Et il n’y a qu’à taper « boss » sur Pornhub pour réaliser à quel point le fantasme est décliné à toutes les sauces. En guise de punition pour son rendu bâclé, un homme est sodomisé par sa supérieure avec un godemichet (pegging). Ailleurs, un entretien d’embauche dérape en concours de fellation et des afterworks finissent en partouzes chapeautées par… des patronnes. Le tout souvent teinté d’une grammaire BDSM soft ou hardcore. « La plupart des fantasmes sont façonnés par des contextes culturels ; il est indéniable que ces médiatisations érotisées de la figure patronale offrent des modèles qui s’inscrivent dans nos inconscients de par leur répétition », souligne Alain Héril.

Prenez Natacha, par exemple. Cette vendeuse en magasin bio se définissant comme « à 80 % lesbienne » reconnaît que le « côté domination manque un peu » dans sa sexualité. Alors, elle s’évade en songeant à son patron. « Pour parler crûment, quand je me masturbe il m’arrive de l’imaginer me baiser, un point c’est tout » selon un scénario qui trempe légèrement dans les eaux du « délire secrétaire dominée par le boss », imprégné de « l’esthétique porn mainstream axé pénétration ». Quelque chose d’un peu brutal, d’un peu féroce. « Serait-ce mon côté sado-maso qui parle ? », se demande-t-elle. Allez savoir…

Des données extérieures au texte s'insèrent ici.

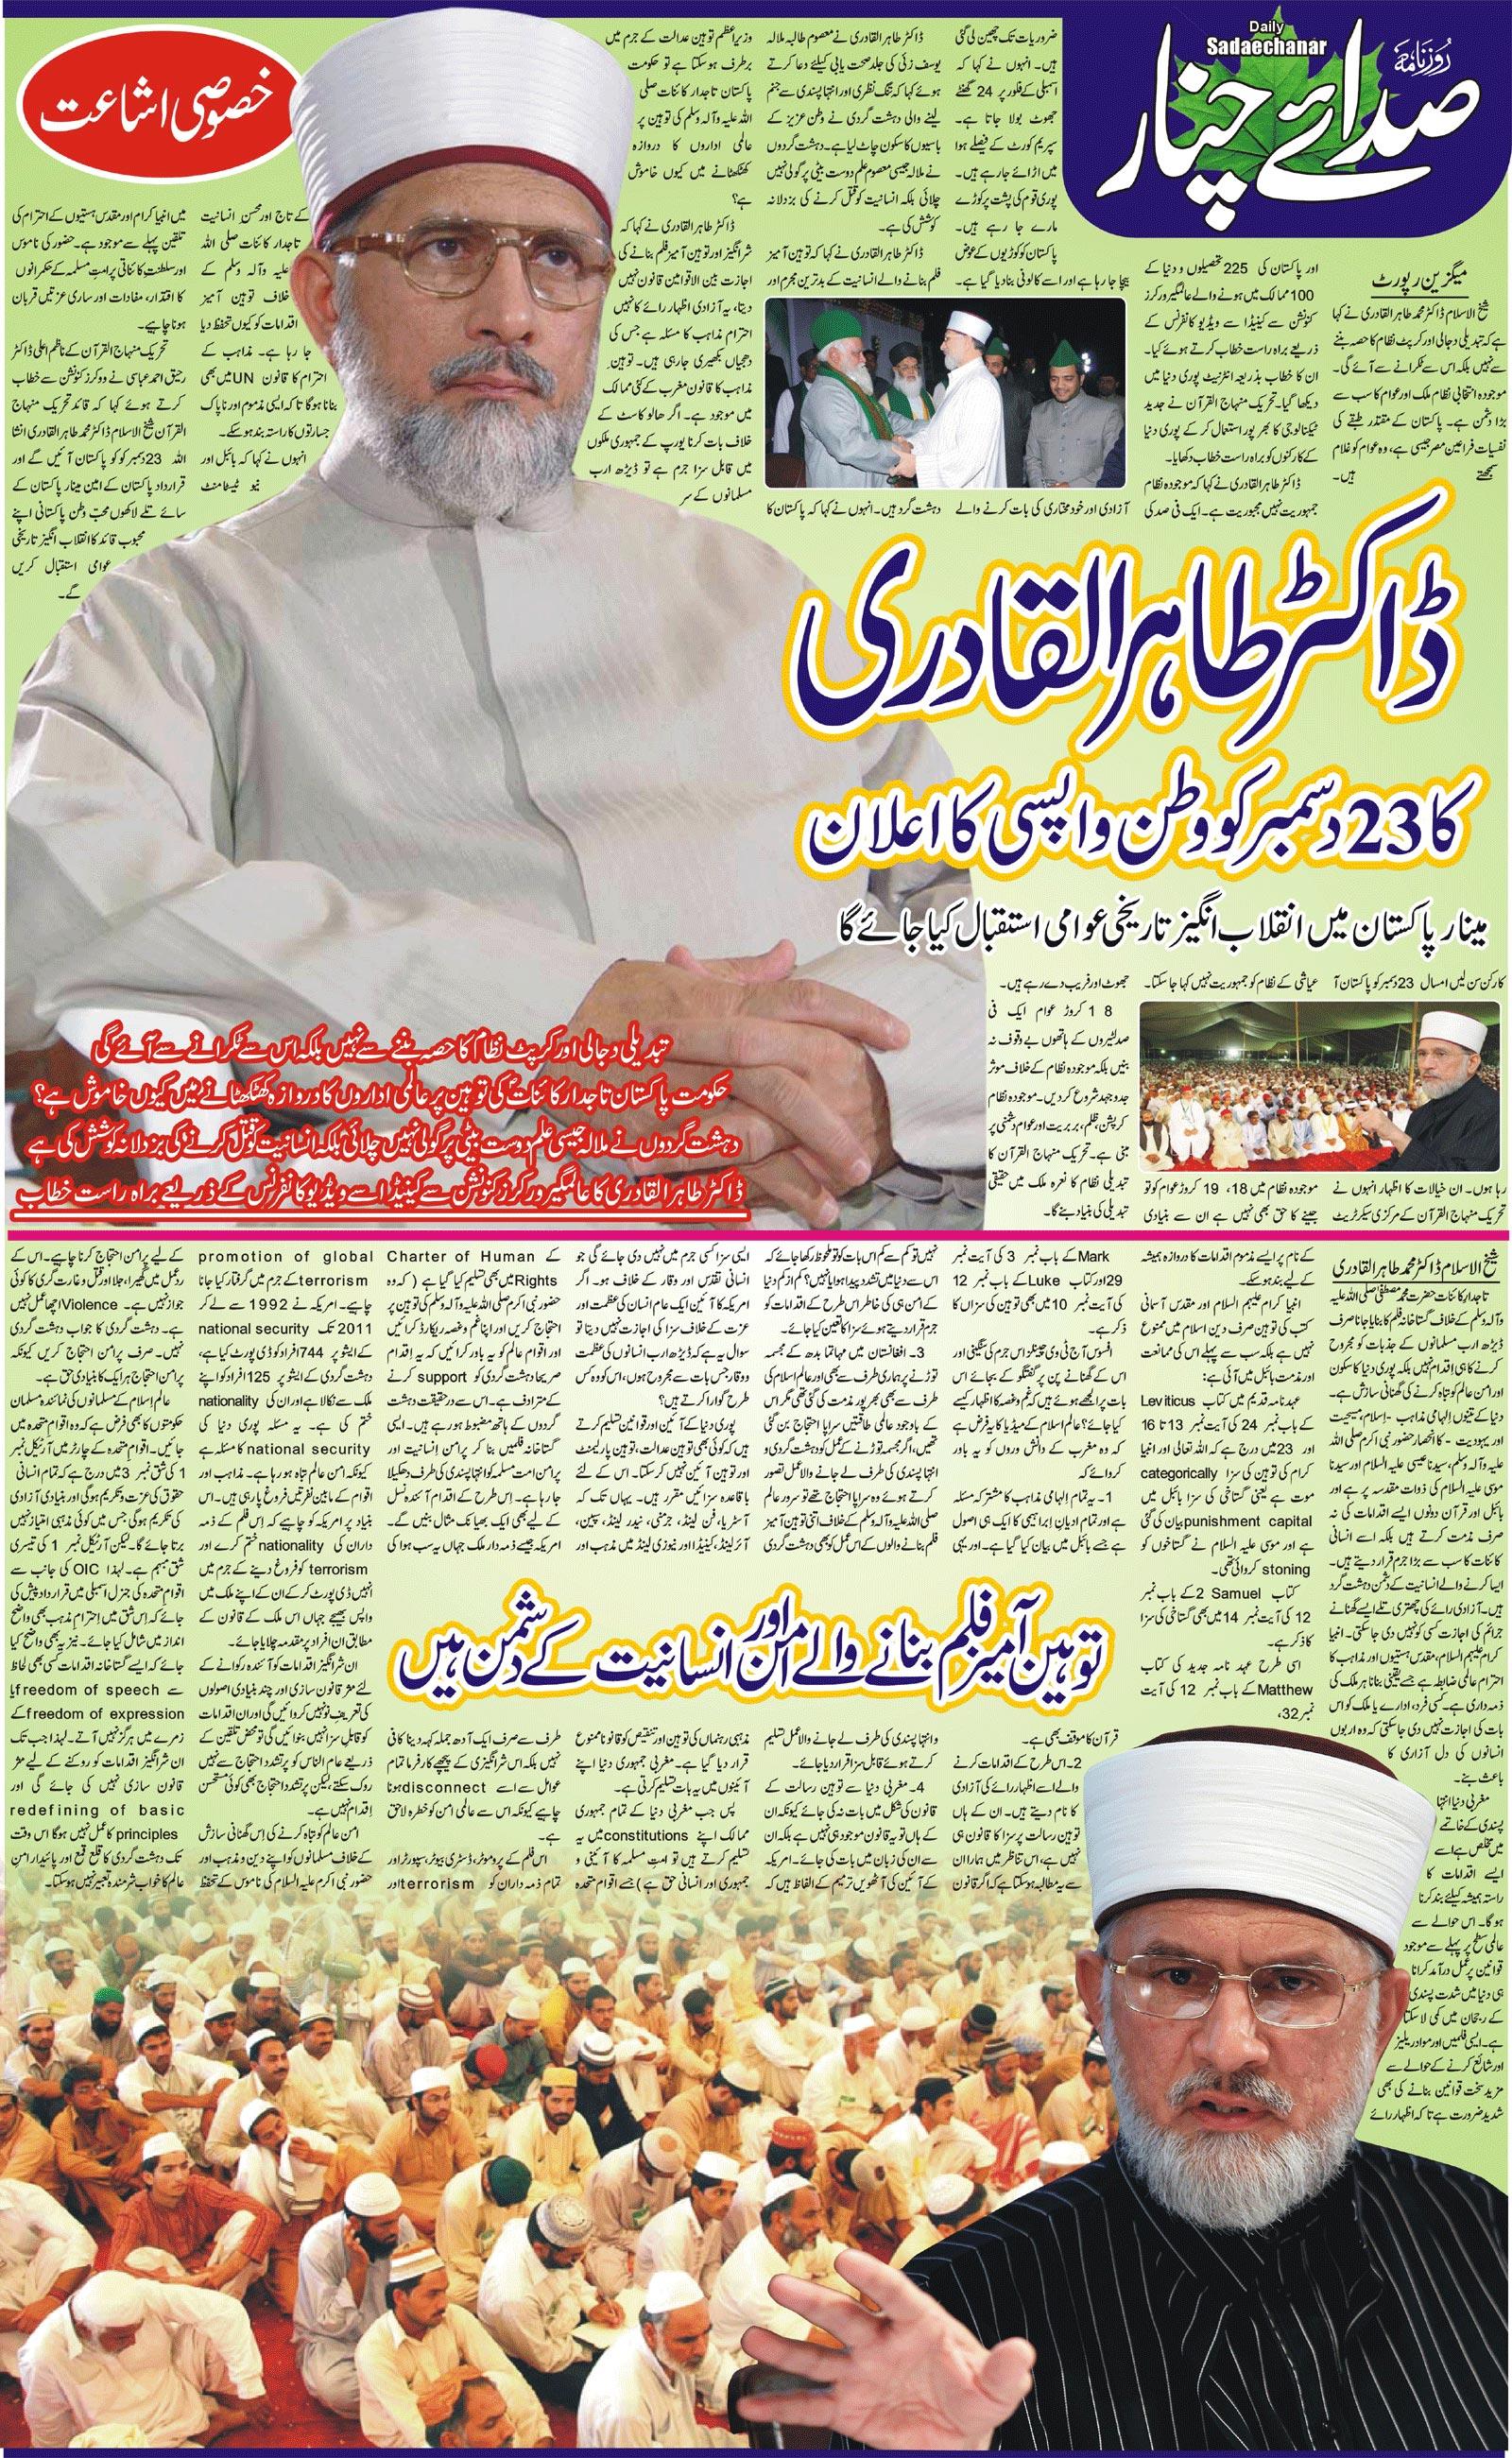 Mustafavi Student Movement Print Media Coverage Daily Sada e Chanar - Page: 5

Du « piment au quotidien », ou une pathologie à l’horizon

Ambiance plus fleur bleue chez Grégoire. « Dès l’entretien mon supérieur m’a charmé, c’était un homme très bien bâti, de belle expression » et pourvu d’un charisme certain - « pas du niveau de Barack Obama, mais quand même… », se rappelle cet ex-vendeur en cosmétique. D’emblée, le fantasme s’étaye. « Un scénario assez romantique avec des gestes d’affection, des étreintes puis in fine des rapports plus intimes ». Sans aucun espoir de concrétisation, d’ailleurs. « *Ce qui m’excitait, par-delà l’interdit lié au monde du travail, c’était surtout l’impossibilité de la rencontre sexuelle, lui étant 100 % hétéro et moi gay… Fantasmer sur lui était un plaisir innocent. Comme un bonbon que l’’on savoure et qui pimente le quotidien* ».

Même ressenti pour Éole à l’égard de son ex-manageuse. « Je travaillais sans passion dans le milieu des assurances, et les pensées que je cultivais pour elle réenchantaient une routine morne », rythmée par « des coups de fil à la chaîne et une monstrueuse paperasse à expédier ». Pour expliquer l’origine de leur attirance, nos deux rêveurs ne versent pas dans la psychologie des profondeurs. Ils citent un simple « crush » rehaussé de l’éclat capiteux de la transgression et du tabou. Lequel n’a « jamais impacté » leur travail, signalent-ils de concert. Ou alors dans un sens positif : « vouloir plaire à son employeur en faisant du bon boulot, ça booste forcément les performances », plaisante Eole. Mais tous ne réagissent pas avec le cœur si léger.

« Fantasmer une relation avec son supérieur peut entraîner beaucoup de dérives », alerte Johanna Rozenblum, « diverses inadéquations de comportements, une nuée de pensées parasites, des jalousies maladives… » Pour certains, la rêverie tourne à un calvaire qui se révèle, parfois, être le symptôme d’une pathologie : l’érotomanie. Soit « le fait de se sentir aimé par une personne qui en réalité ne nous aime pas ». Le désir imaginaire dépasse alors les frontières de l’érotisme récréatif, et s’articule autour de pensées obsessionnelles. « De manière générale, que ceux dont la vie fantasmagorique fait irruption dans la sphère professionnelle prennent gare », averti Johanna Rozenblum. Que ce soit pour apporter un baume sur une plaie d’enfance, par désir d’élection sociale ou simple goût de jouer avec le feu, pensez devise d’or, « NO ZOB IN JOB ». Eh oui, encore et toujours la vieille rengaine… Une perle de sagesse à prendre ou à laisser. Et bonne Saint-Valentin, bien sûr.